Friday, December 21, 2007
Reader David Peterson pointed me in the direction of a series of news articles on an interesting beach access dispute in Hawaii. From an overview article in the Star Bulletin:
Some beachgoers are upset that a gate was installed on a private road in Kailua that blocks access to Kailua Beach Park.
A "no beach access" sign was placed at the entrance of L'Orange Place when the gate was installed a month ago. . . .
Some mornings, Dianne Price would find used condoms on her mock orange bushes.
Some nights at 2 a.m., large groups would walk down her lane to build bonfires on Kailua Beach.

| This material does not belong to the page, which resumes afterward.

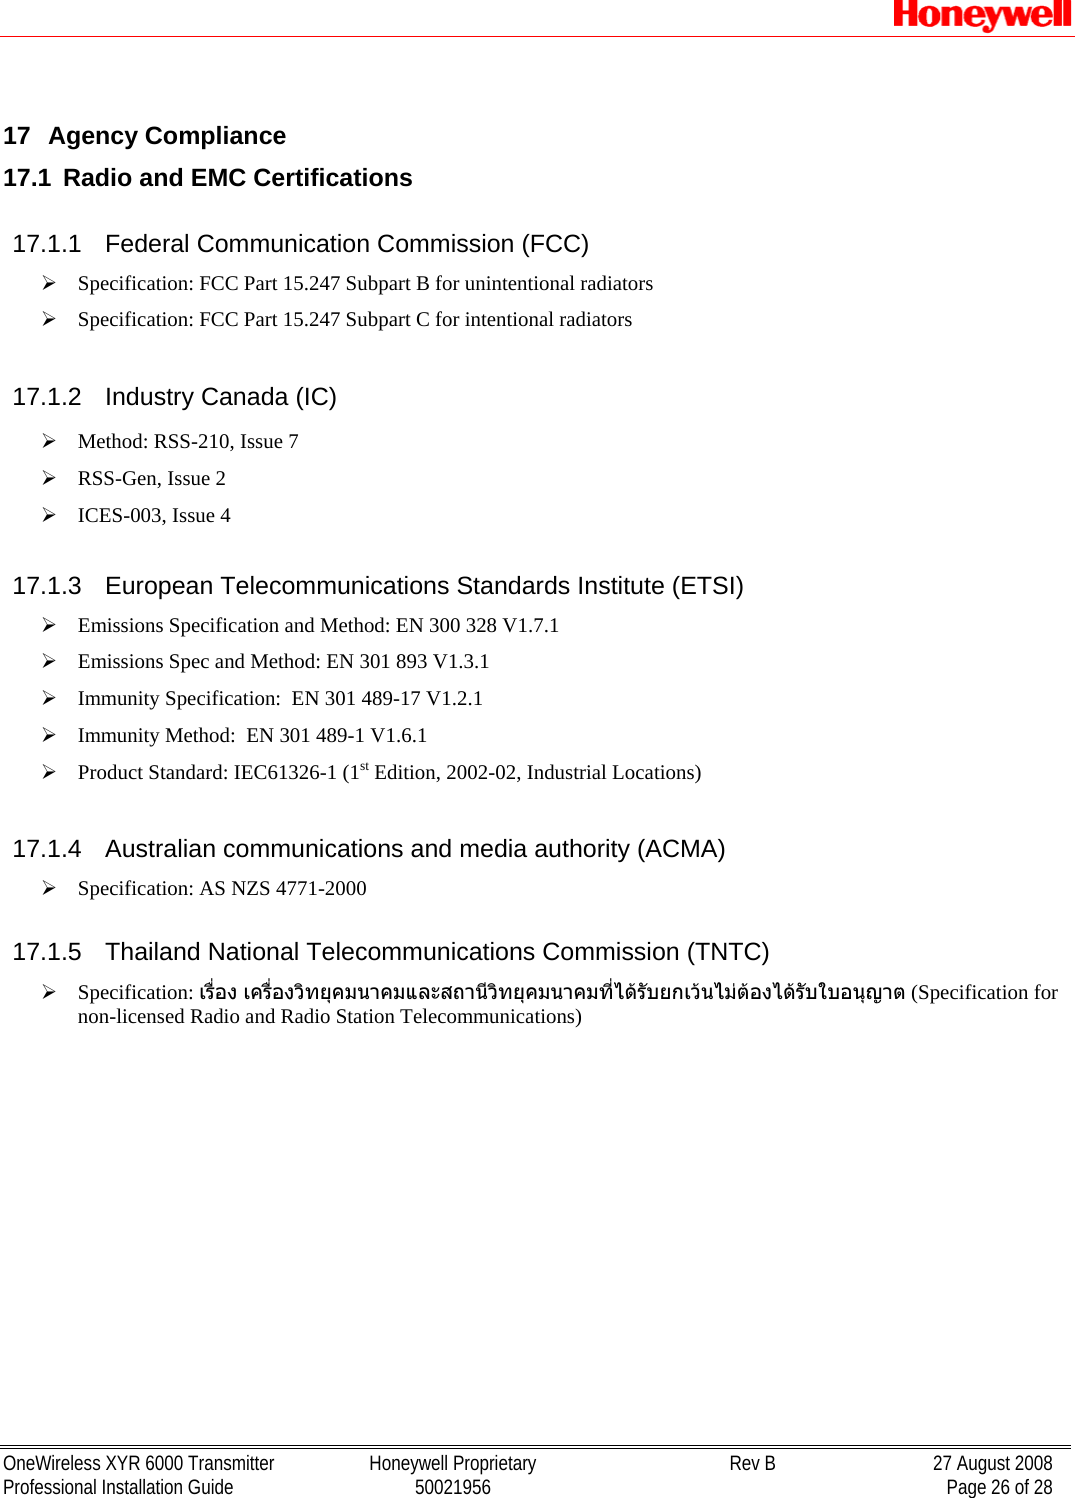   OneWireless XYR 6000 Transmitter  Honeywell Proprietary  Rev B  27 August 2008 Professional Installation Guide  50021956    Page 26 of 28  17  Agency Compliance 17.1  Radio and EMC Certifications 17.1.1  Federal Communication Commission (FCC) ¾ Specification: FCC Part 15.247 Subpart B for unintentional radiators ¾ Specification: FCC Part 15.247 Subpart C for intentional radiators 17.1.2  Industry Canada (IC) ¾ Method: RSS-210, Issue 7 ¾ RSS-Gen, Issue 2 ¾ ICES-003, Issue 4 17.1.3  European Telecommunications Standards Institute (ETSI) ¾ Emissions Specification and Method: EN 300 328 V1.7.1 ¾ Emissions Spec and Method: EN 301 893 V1.3.1 ¾ Immunity Specification:  EN 301 489-17 V1.2.1 ¾ Immunity Method:  EN 301 489-1 V1.6.1 ¾ Product Standard: IEC61326-1 (1st Edition, 2002-02, Industrial Locations) 17.1.4  Australian communications and media authority (ACMA) ¾ Specification: AS NZS 4771-2000  17.1.5  Thailand National Telecommunications Commission (TNTC) ¾ Specification: เรื่อง เครื่องวิทยุคมนาคมและสถานีวิทยุคมนาคมที่ไดรับยกเวนไมตองไดรับใบอนุญาต (Specification for non-licensed Radio and Radio Station Telecommunications) 
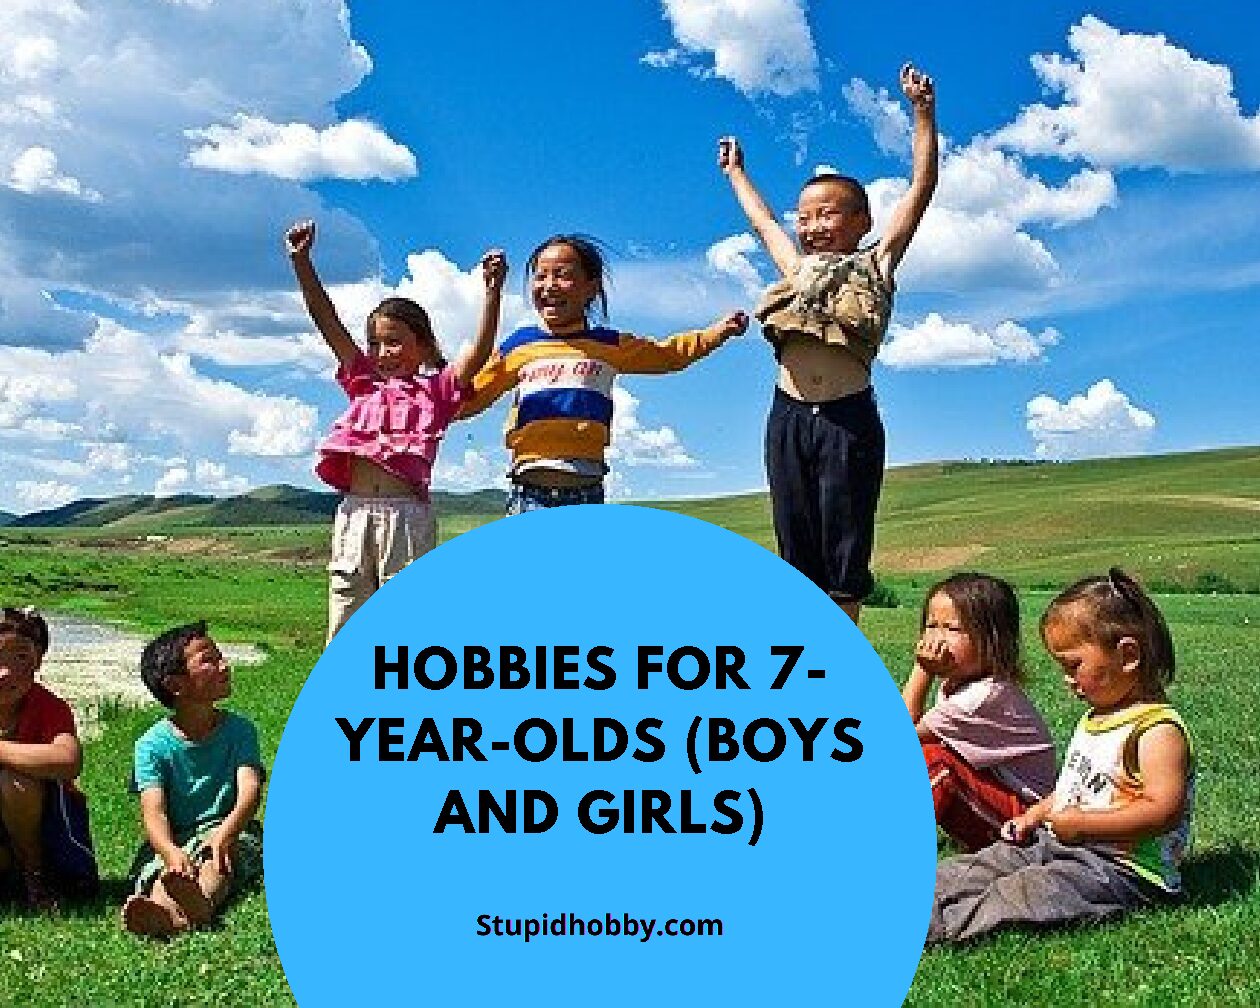 Hobbies For 7-Year-Olds (Boys and Girls)

Those and other concerns led the residents of L'Orange Place to put up a locked gate blocking their private road. That was a month ago.
Some beachgoers are now complaining about the loss of convenient access.
"It seems, at best, unneighborly," said Ben Willkie, a Kainui Drive resident who had used the route at least once a week to head to the beach with his wife, Veronica, and 5-year-old son. . . .
"There are a lot of people alarmed by this," said Robert Moncrief, a resident since 1970. "I think this whole thing is a travesty. ... They're excluding all these people."
The Moncriefs said they fear more gates will be installed at other private side streets along Kalaheo Avenue, further blocking access to the beach.
"It's going to start this chain of reaction of exclusivity," he said.
City Council Chairwoman Barbara Marshall, who represents District 3 (Waimanalo-Kaneohe), said that while it is frustrating for beachgoers, the residents are within their rights.
"It's a private beach access owned by the adjacent homeowners," she said.
Homeowners who allow public access receive a tax break. L'Orange Place residents had opted to pay additional taxes when the gate was installed, she added.
There is another public access route about 200 yards away, near Kailuana Street.
The dispute is discussed in this op-ed, and in this follow-up article. Some useful discussion of the issue can also be found at the Beach Access Hawaii website. I'll defer substantive discussion to our resident Aloha Jurisprudence experts, Al Brophy and Carl Christensen.